Главное, она не только красивая была, но и хорошая. Он сразу догадался, чем вызвано неожиданное приглашение. Пару дней назад была городская контрольная по алгебре, а у Регинки с математикой не очень. Кинула через ряд записку: «SOS!». Роб свой первый вариант сразу бросил, наскоро решил задачки второго варианта и тем же манером переправил свернутый листок обратно. Так что не его прыщами прельстилась Регинка — захотела за контрольную отблагодарить.
— Десятого? — небрежно переспросил он. — Вроде нормально. Ладно, приеду.
И не удержал лица — просиял счастливой улыбкой.
Но когда очухался, стало жутко. Что надеть? В синей школьной форме на дачу не поедешь. Можно представить, как остальные расфуфырятся. Им-то хорошо, с их «Березками» и привозными шмотками, а у него даже джинсов нормальных нет.
И кинулся на поклон к матери, больше все равно было не к кому. Знал, что имеется у мамхена какая-никакая заначка, даром что ли в своей библиотеке два детских кружка по вечерам ведет.
Про фирменное тряпье втолковывать ей было без мазы — не врубилась бы. Она до сих пор джинсы называла «техасами», а кроссовки «кедами». Поэтому Роб заговорил на доступном ей языке: мол, приглашен к девочке из очень приличной семьи, не хочется выглядеть оборванцем. Намекнул и на романтические чувства.

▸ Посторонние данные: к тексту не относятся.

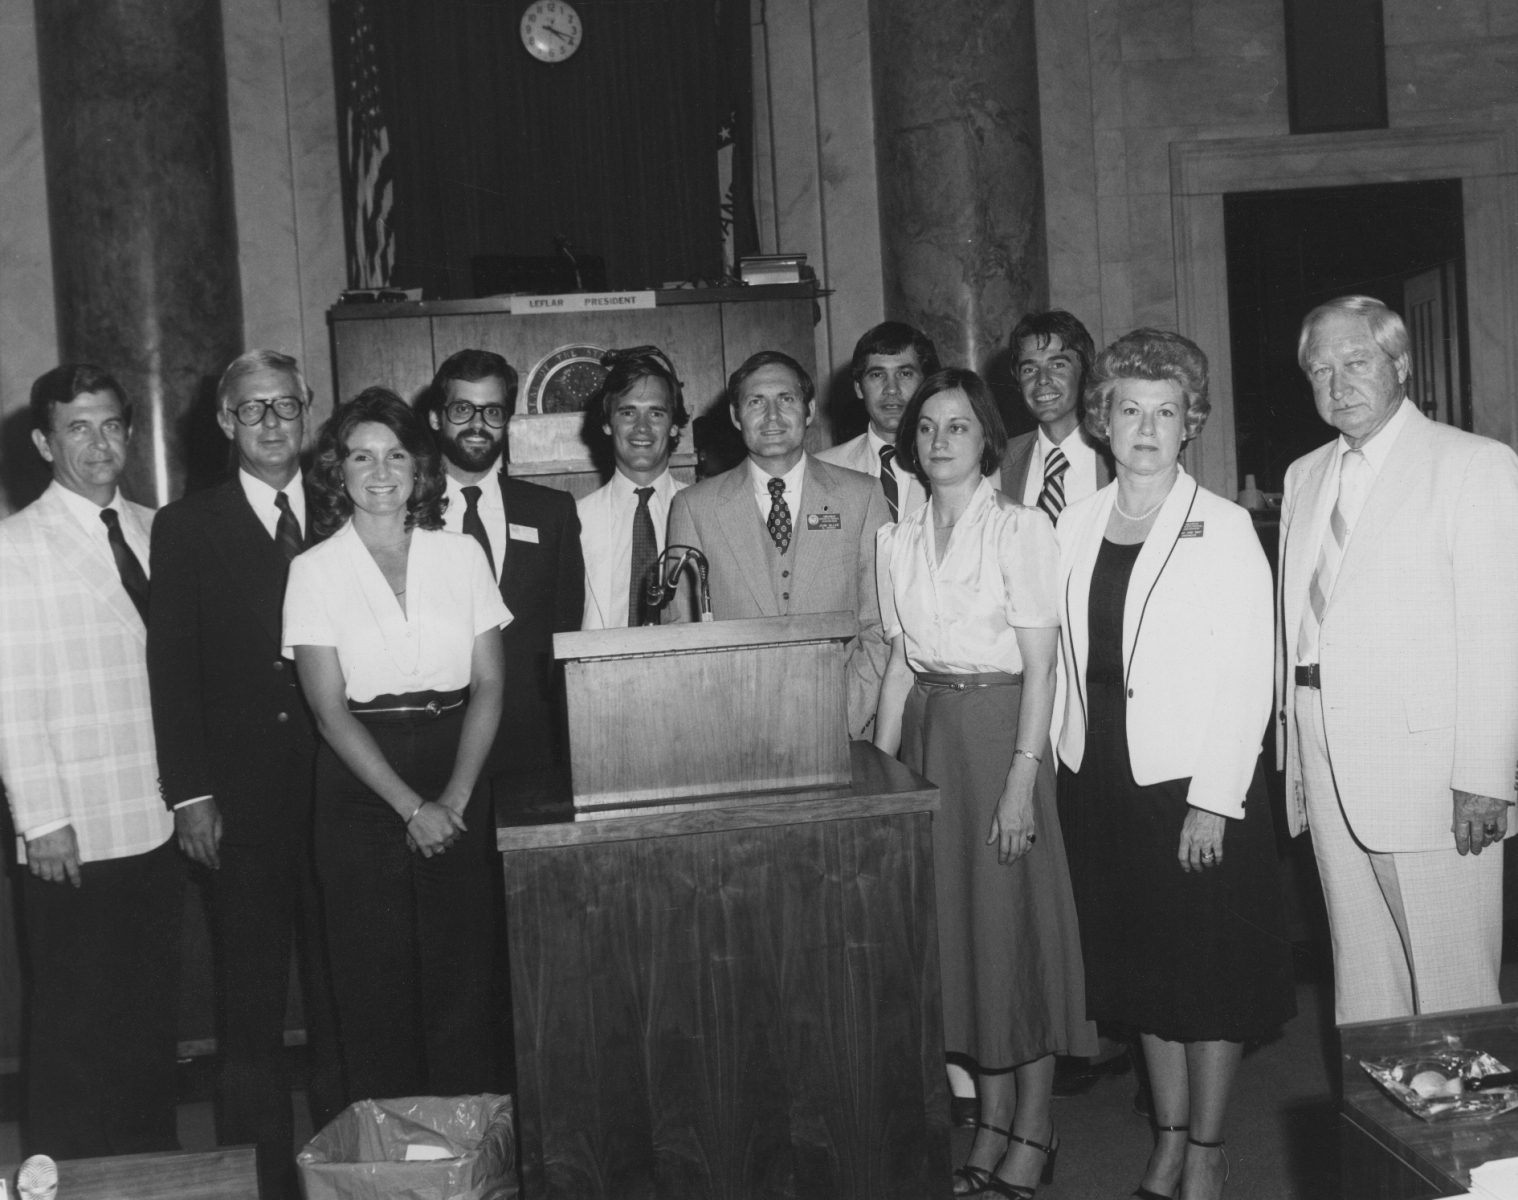 Group photograph of staff at the 1979 Constitutional Convention. Identified people include reading clerk Bill Jones, delegate John Giller, and delegate Sarah Jane Bost

Последнее сработало безотказно. После того, как слинял фазер, Лидочка Львовна (так мать называли все ее сослуживицы) вся как-то пожухла, что называется, махнула на себя рукой. Ни волосы покрасить, ни марафет навести, а одевалась — вообще песня, причем погребальная. Но при волшебных словах «знаешь, мама, эта девочка мне так нравится…» Лидочка Львовна, как старый боевой конь при звуках трубы, тряхнула полугодовыми химическими кудряшками, сверкнула очами и запустила из любимого поэта:
— Снятся усталым спортсменам рекорды, снятся суровым поэтам слова, снятся влюбленным в огромном городе не-о-битаемые ос-трова!
— Вот-вот, — кивнул Роб. — Понимаешь, мам, там на даче все в фирме будут, с головы до ног, а я в чем приду? В трениках ха-бэ и сандалях «пионерские»?
— Всё поняла, ни о чем не беспокойся, — сказала мамхен тоном Василисы Премудрой.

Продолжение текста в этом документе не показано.